1. A method of marking a transparent material for identification comprising irradiating said material by means of radiation applied thereto in a pattern desired for an identification mark, said radiation being applied at an energy density which generates sufficient internal heat to produce localized permanent stresses within the interior only of the material without producing such stresses in its surface layer, the stress pattern so produced being normally invisible but capable of being rendered visible by double refraction in polarized light.

2. The method of claim 1 which said irradiating is accomplished by applying accelerated electrons to said material in the form of a focused electron beam.

3. The method of claim 2 in which said electron beam is moved over the material in said pattern more than once.
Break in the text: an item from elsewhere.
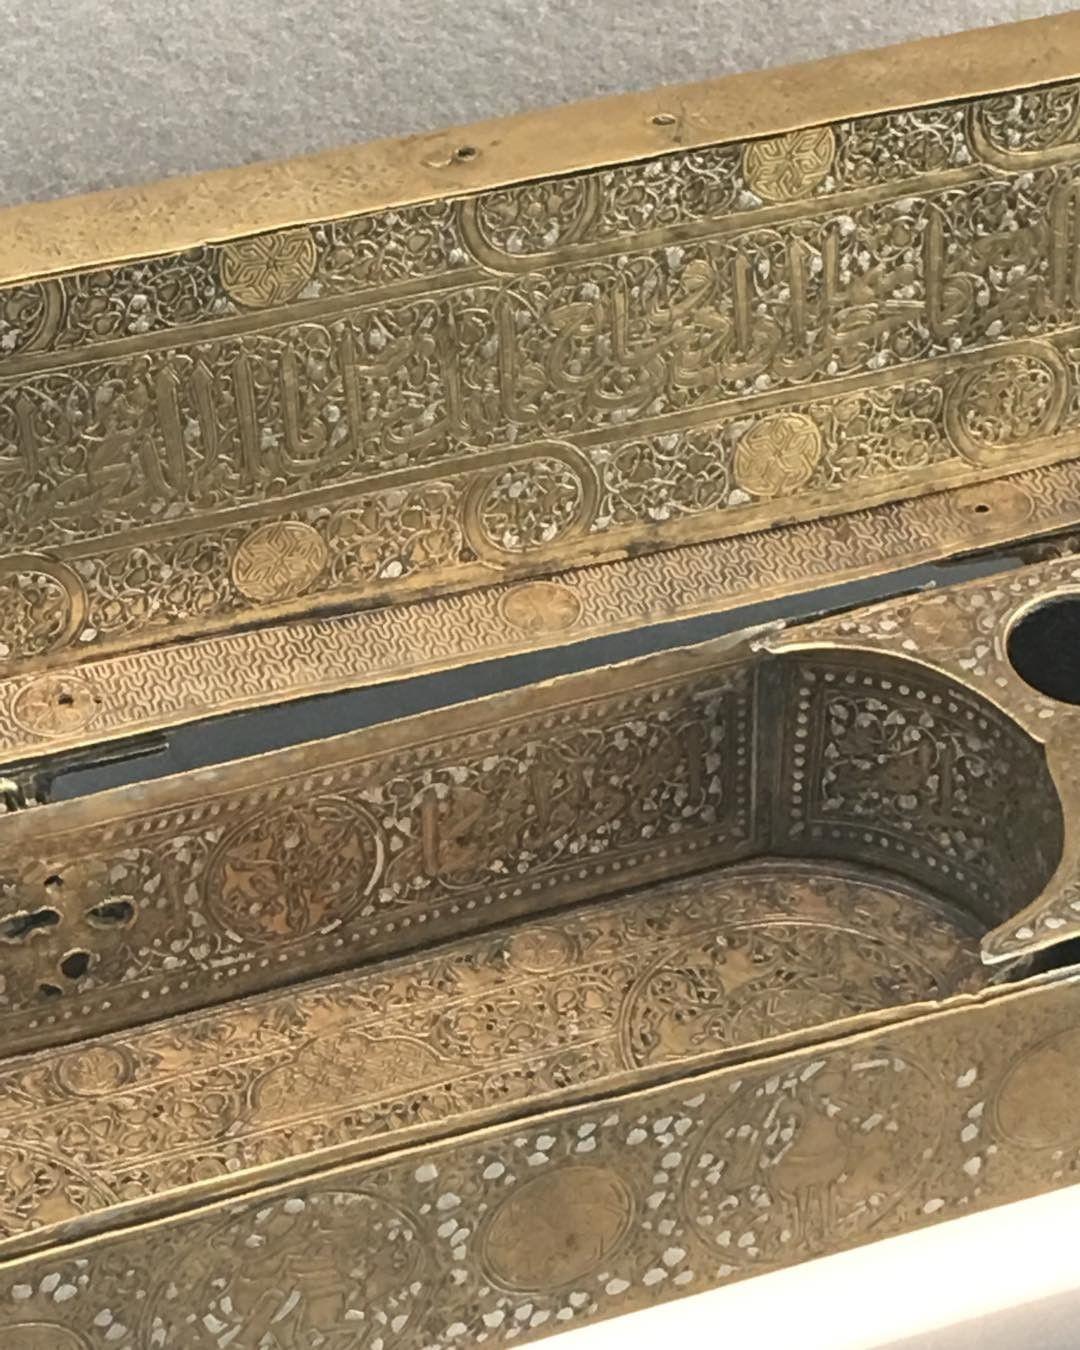 Khat Diwani Ajhalawani/Amr تفاصيل لحافظة الأقلام #متحف_اللوفر #باريس #فرنسا #الخط_العربي… 33

4. The method of claim 2 in which said electron beam is moved over the material in said pattern.

5. The method of claim 4 in which said electron beam is moved with such a speed, that each element of said material is impinged with an energy density of from about 1 .times. 10.sup.-.sup.3 to about 5 .times. 10.sup.-.sup.3 Ws/cm.sup.2.

6. The method of claim 1 which includes masking portions of said material as means for defining a predetermined pattern of localized stresses to be produced.

7. The method of claim 2 in which said electron beam is focused in a line on said mask and is moved across it thereby impinging along said predetermined pattern.

8. The method of claim 1 in which said irradiating is accomplished by applying a laser beam to said material.